Being easy is well, easy. Being cheap and easy is even easier. And evidently, the new moral imperative is to not have any morals and be proud of it.

Meanwhile, there are some crazy younguns like Steven Crowder who value abstinence as a positive life choice. From Steven’s Fox editorial this week:

The idea of abstinence has become somewhat of a punchline in this country. From the myth of unrealistic “abstinence only” education, to the media’s constant portrayal (and mockery) of young, nerdy, out of touch Christians riddled with chastity pendants, the message on abstinence being pumped through pop-culture is clear; If you’re abstinent it’s either because A) you’re ugly or B) you’re a loser. In my case, it was often both.

Maybe it’s just the lack of fun-factor, or maybe it started with harlotry being misused as a fulcrum for women’s liberation, but if you so much as suggest to someone that abstinence might be beneficial, you’ll often find yourself vilified as a judgmental jackass faster than Bill Maher can throw up his dainty hands.

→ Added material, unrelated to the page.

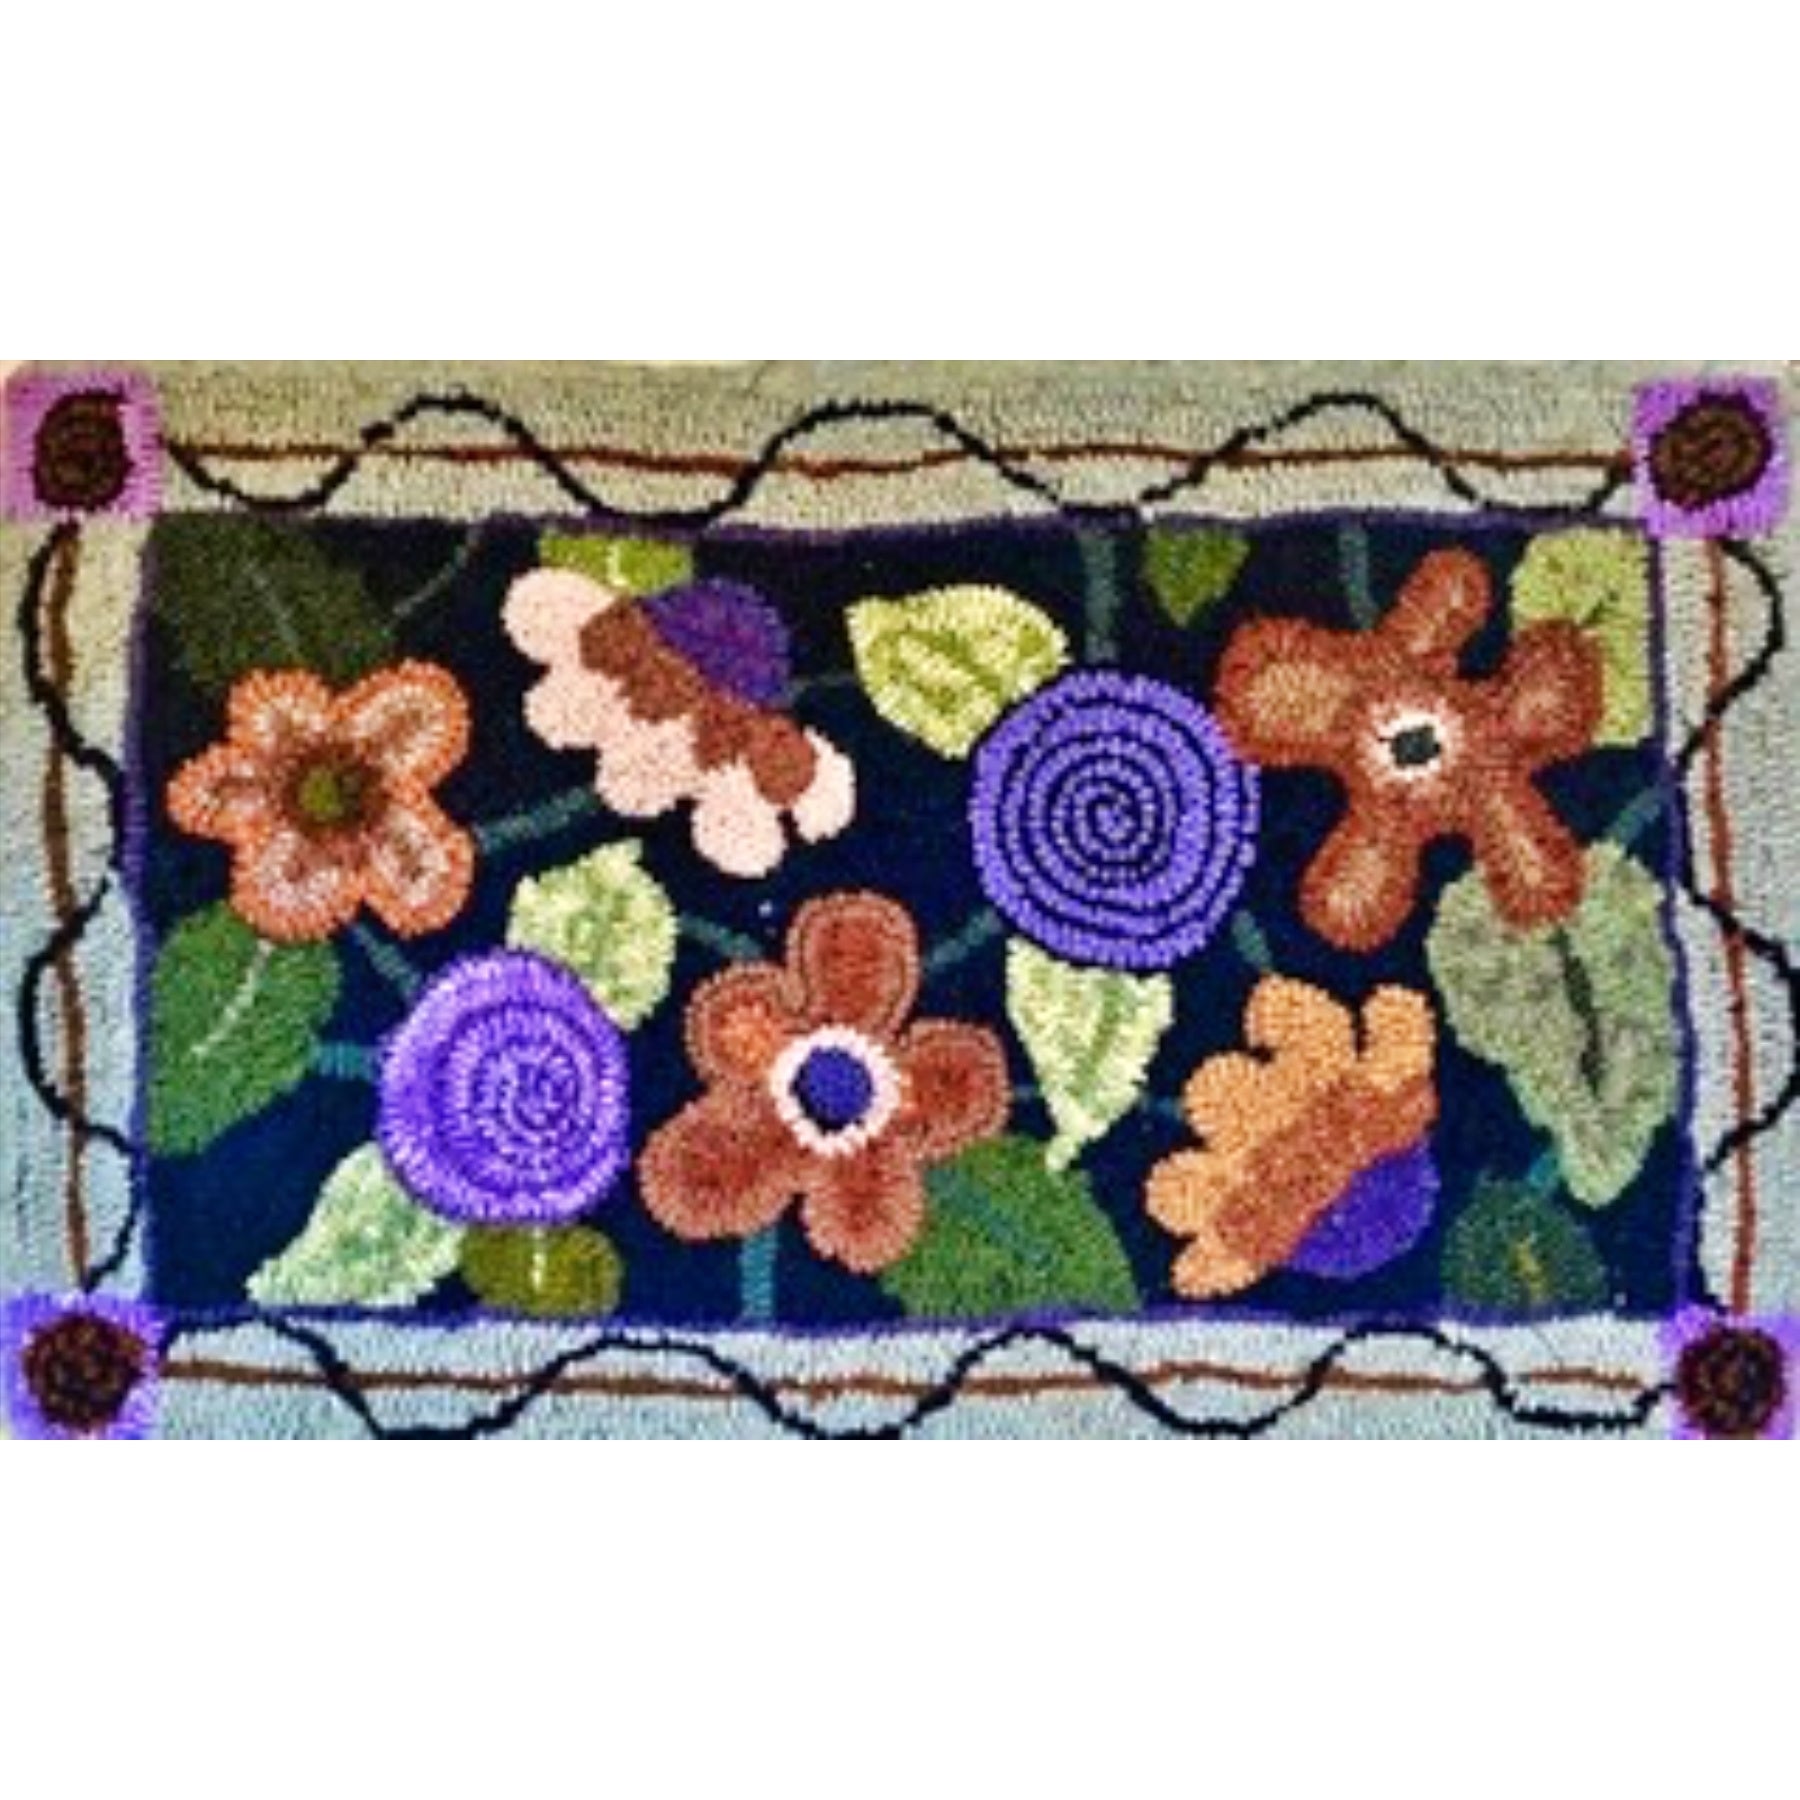 Stephanie's Garden, rug hooked by Vicki Rudolph

Sure, Michelle Obama can run around the country and condemn little fatties for inhaling Little Debbies, but if you try and apply that same helpful, healthful concept to sex, it’s seen as pushy and/or prudish.

He followed up this mind-bending controversial blog post with a visit to Red Eye, the bawdy middle-of-the-night Fox show (highly recommended, by the way). Here is the video clip from Fox. Is Abstinence Actually Awesome?:

Watch the latest video at video.foxnews.com

If you can’t watch it, or don’t have the time, first, I’ll relay the tone of the Professional Comedienne (she made sure to emphasize her professional credibility and length of time in the job as she condescended to Steven–calling him a part-time, Christian comedian; she barely contained her contempt) Amy Schumer. She sneered. A lot. Steven was so taken aback by her invective, at one point, he said, “That seems awfully personal.” It was personal for her.

Why? Because she was offended that he would use kinder words for her than she used for herself. Her words? Monogamous Slut. His word? Floozy. Amy also noted that she’s had “two Bakers Dozen” worth of men, she sleeps with a guy on the first date and she’s proud of it. “I don’t like using sex as a bargaining chip”, she declared. She made this statement ignoring her own trade of services by having sex on the first date. She just values her service less. But she is making a bargain and exchanging a service.

After all the insults, Amy finally got down to her real issue,”I just don’t know any happy married people.” The implication? No one is happily married anyway, why embrace behavior that might, but does not guarantee, a happy marriage?

She quotes anecdotal evidence, while Steven tries to share facts. She won’t have it.

My point isn’t to pick on Amy Schumer. I don’t know the woman. Her reasoning, though, is representative of many. The problem, from their point of view, isn’t the failure to live up to ideals. The problem is that anyone has ideals. Worse, it’s offensive that people with ideals — which include treasuring virginity or abstinence to build trust — actually have the nerve to talk about those ideals. They accuse the idealists of peddling a false hope and false product, because they, themselves have had trouble maintaining a relationship. And if they can’t figure it out, no one can.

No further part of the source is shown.